Our python utility function can then re-write processing cmds as follows:

from accelerometer import accUtils
accUtils.writeStudyAccProcessCmds("myStudy/", cmdsFile="process-cmds-recalibration.txt", \
   outDir="myStudyResults/", filesID="myStudyResults/files-calibration.csv", cmdOptions="--skipCalibration True")
# <list of processing commands written to "process-cmds-recalibration.txt">

These ‘reprocessed’ files can then be processed as outlined in the section above.

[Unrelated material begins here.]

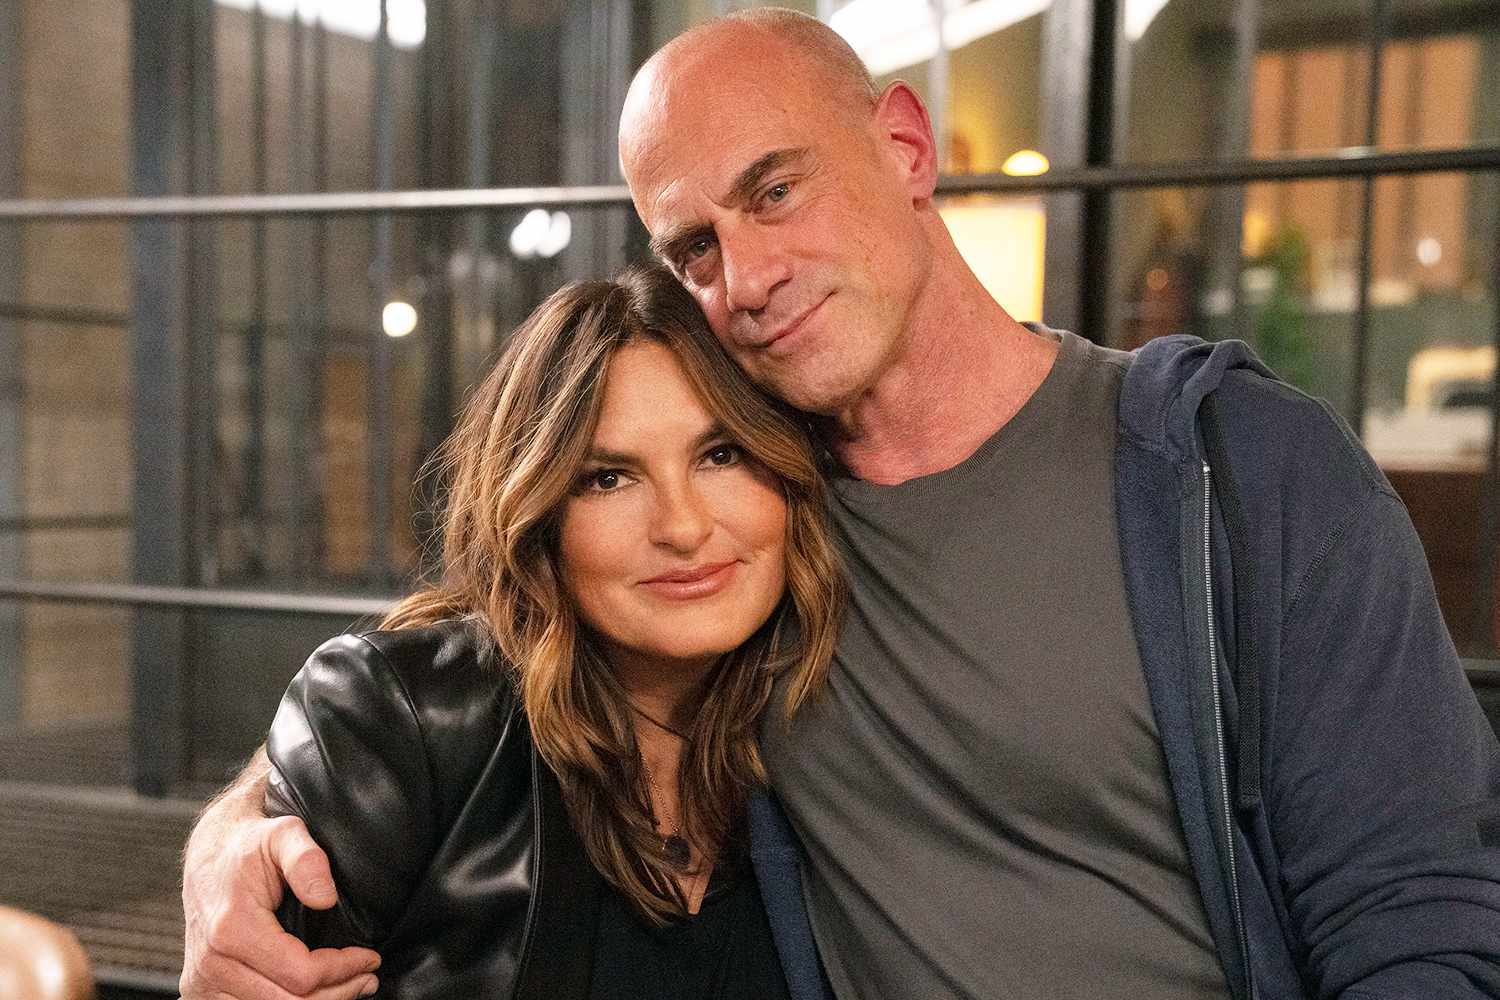 Mariska Hargitay Thought She 'Should' Kiss Christopher Meloni in That Intense 'SVU' Scene: 'Our Chemistry is Undeniable'

Classifying different activity types

Note that a major fix/improvement was introduced in April 2020. You therefore need to download the updated files to achieve this.

$ git pull
$ bash utilities/downloadDataModels.sh
$ pip3 install --user .
$ javac -cp java/JTransforms-3.1-with-dependencies.jar java/*.java

Different activity classification models can be specified to identify different activity types. For example, to use activity states from the Willetts 2018 Scientific Reports paper:

$ python3 accProcess.py data/sample.cwa.gz \
    --activityModel activityModels/willetts2018-apr20Update.tar

To visualise the time series and new activity classification output:

$ python3 accPlot.py data/sample-timeSeries.csv.gz \
    --activityModel activityModels/willetts2018-apr20Update.tar
<output plot written to data/sample-timeSeries-plot.png>
_images/samplePlotWilletts.png

Output plot of class predictions using Willetts 2018 classification model. Note different set of activity classes.

Training a bespoke model

It is also possible to train a bespoke activity classification model. This requires a labelled dataset (.csv file) and a list of features (.txt file) to include from the epoch file.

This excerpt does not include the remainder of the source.